The trips file has some issues with stuck agents. Agents are active past the 24 hour window. We should implement a way of accounting for this perhaps as Elara does by wrapping times back into a 24 hour period. This bug will effect most KPIs.

person trip_number trip_id dep_time trav_time wait_time traveled_distance euclidean_distance main_mode longest_distance_mode ... start_facility_id start_link start_x start_y end_facility_id end_link end_x end_y first_pt_boarding_stop last_pt_egress_stop
190391 3 190391_3 31:59:32 00:00:01 00:00:00 0 0 NaN walk ... NaN 369880 525078 297231 NaN 369880 525078 297231 NaN NaN
40100 5 40100_5 31:47:32 00:00:01 00:00:00 0 0 NaN walk ... NaN 137871 532367 226254 NaN 137871 532367 226254 NaN NaN
16955 4 16955_4 31:41:54 00:06:36 00:00:00 332 255 NaN walk ... NaN 201580 638498 277353 NaN 221750 638712 277493 NaN NaN
38749 4 38749_4 31:02:20 00:37:27 00:00:00 1874 1441 NaN walk ... NaN 5177455258260724183_5177455258272565597 651594 307107 NaN 5177457890266640769_5177457890865694291 652373 308320 NaN NaN
183091 4 183091_4 30:49:57 00:07:30 00:00:00 377 290 NaN walk ... NaN 5177097503427265221_5177097503428536281 559770 193725 NaN 232110 559481 193700 NaN NaN
... ... ... ... ... ... ... ... ... ... ... ... ... ... ... ... ... ... ... ... ...

Elara wraps in such a way that a trip at 25:00:00 is reported as 01:00:00. However we handle it in Gelato, we should clearly state this in the documentation.

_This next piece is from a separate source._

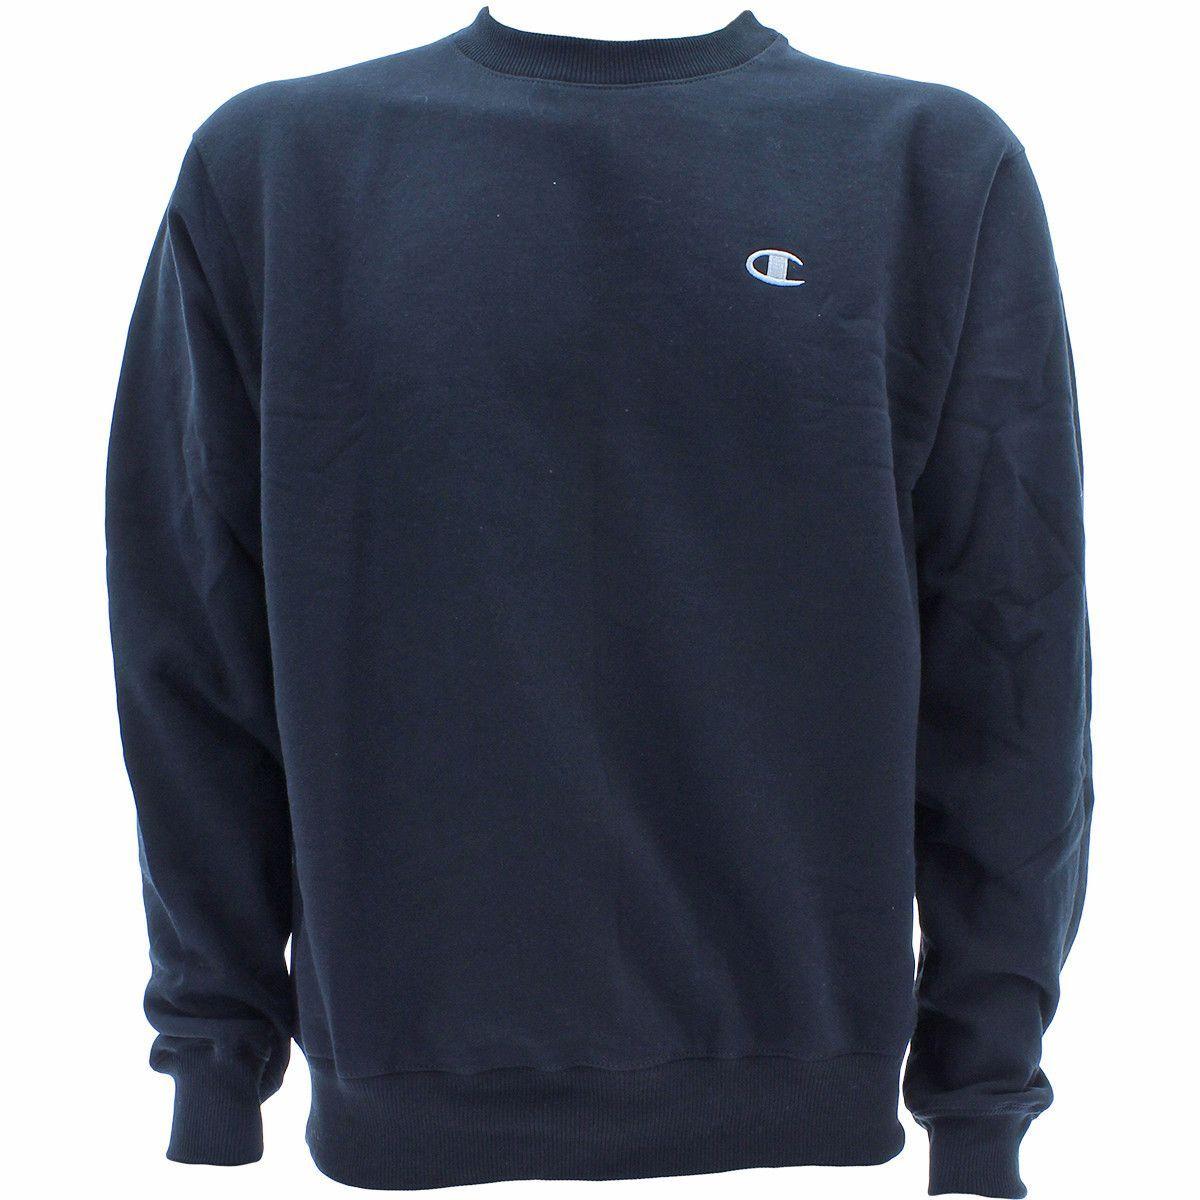 Champion Men S Eco Fleece Crewneck Sweatshirt Black Crew Neck Sweatshirt Sweatshirts Black Sweatshirts [ 1200 x 1200 Pixel ]

Additionally there's a lot of empty data columns. main_mode is all NaN as we have longest_distance_mode. All facility related columns are empty. Can we add an end_time column. we have start and duration but its always useful to have the end_time and cuts out the need to calculate it each time.

See TE gelato outputs

time java -Xmx120g -jar target/gelato-0.0.1-alpha-with-dependencies-eb19697.jar \
-mc /mnt/efs/simulations_refresh/10pc/workdist_5km_20230826/200/output_config.xml \
-mo /mnt/efs/simulations_refresh/10pc/workdist_5km_20230826/200 \
-o /mnt/efs/analysis/vi/gelato/baseline
@val-ismaili val-ismaili added bug Something isn't working documentation Improvements or additions to documentation enhancement New feature or request labels Feb 15, 2024
@divyasharma-arup
Copy link
Contributor

@divyasharma-arup to check on the NaN issues Val identified, and whether this issue shows up in the Paris simulation too.

@steffenaxer
Copy link
Contributor

If one starts wrapping entries that are >24 h one is forced to do this everywhere in order avoid distracting users. And I found out doing this everywhere in the simulation is quite a sisyphus work. So I discarded this approach.

@divyasharma-arup
Copy link
Contributor

@syhwawa , would you be able to check what is different between the facilities file we use for Paris East and the one we use for TE? Seems this is an issue for our TE file, but we don't have the same problem of NaN values for facilities with Paris.

@syhwawa
Copy link

syhwawa commented Feb 22, 2024

From paris east simulation, the trips log outputs looks more reasonable compared to the TE outputs. There is no missing value for the main_mode or end_facility_id in the trips outputs. I am wondering if that could be specific issue occur in the TE simulation.

Regarding the main_mode and longest_distance_mode, there are some differences between these two modes.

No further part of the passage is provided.